David S. Grass, Ph.D.

Jackson Laboratory
Bar Harbor, ME

Dr. Grass has been involved in the generation of genetically modified mice for more than 25 years. He received his Ph.D. in molecular biology from Columbia University in New York, and was a postdoctoral fellow at the Sloan Kettering Institute, where his research focus was molecular immunology. He spent an extensive amount of time at a small biotech company (Xenogen Biosciences, previously known as DNX), where his groups were responsible for the generation of genetically modified animal models as well as phenotyping and in vivo compound assessment. Dr.

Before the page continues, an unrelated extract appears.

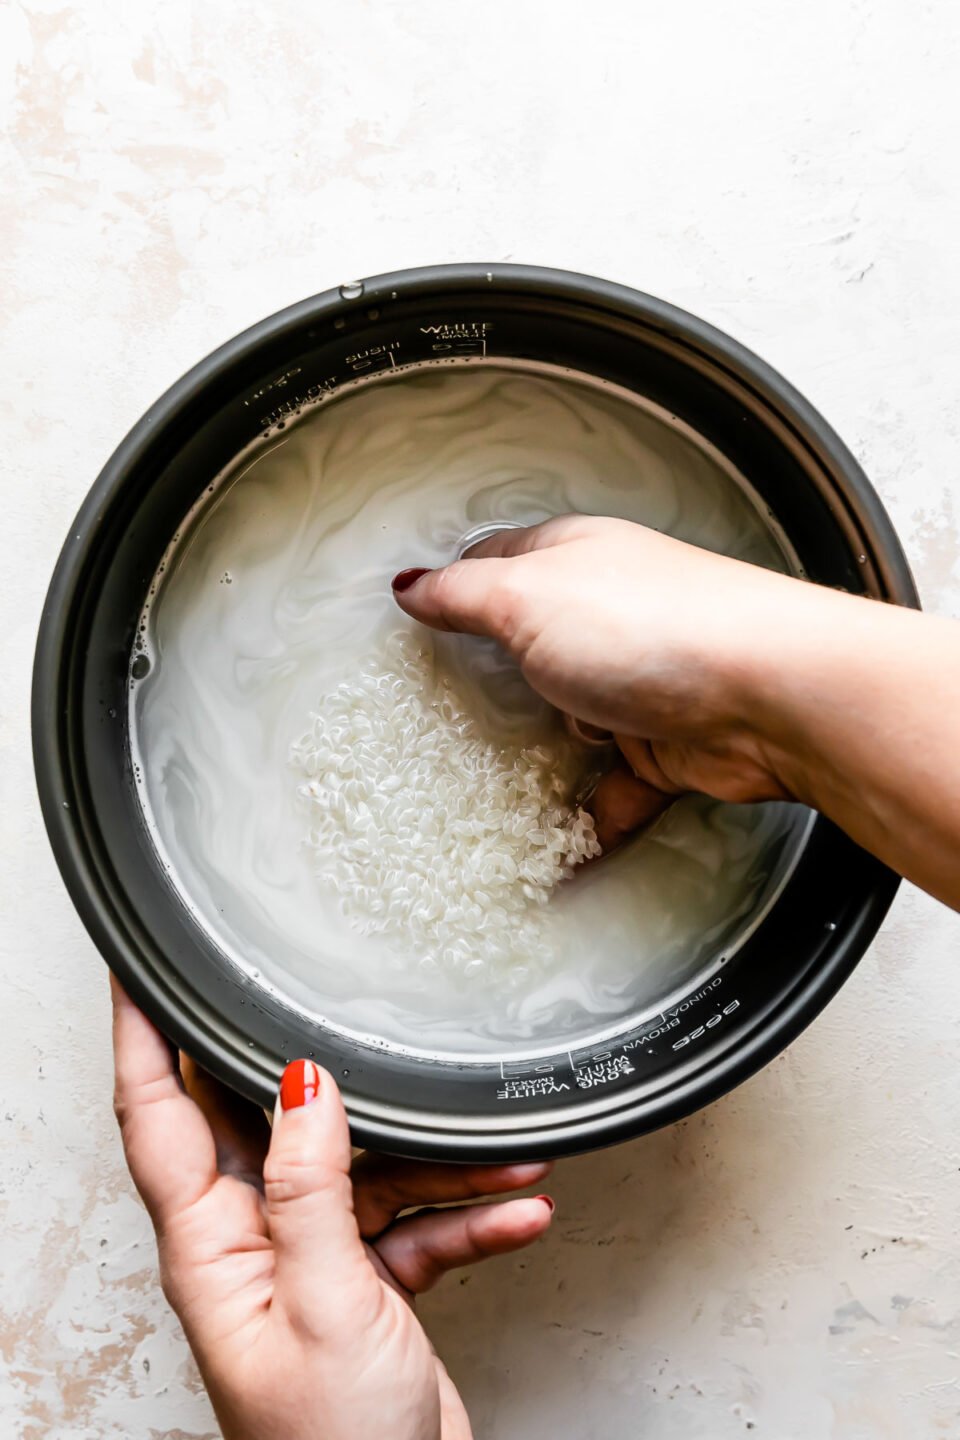 A woman's hand works to rinse white rice in water inside of the inner cooking pan of a Zojirushi rice cooker. The pan sits atop a creamy white textured surface.

Grass is currently senior director, genetic engineering, transgenic genotyping, and reproductive sciences at The Jackson Laboratory, with responsibility for the model generation program there.

Sean Sanders, Ph.D.

Washington, DC

Dr. Sanders did his undergraduate training at the University of Cape Town, South Africa, and his Ph.D. at the University of Cambridge, UK, supported by the Wellcome Trust. Following postdoctoral training at the National Institutes of Health and Georgetown University, Dr. Sanders joined TranXenoGen, a startup biotechnology company in Massachusetts working on avian transgenics. Pursuing his parallel passion for writing and editing, Dr. Sanders joined BioTechniques as an editor, before joining Science/AAAS in 2006. Currently Dr. Sanders is the Senior Editor for Custom Publishing for the journal Science and Program Director for Outreach.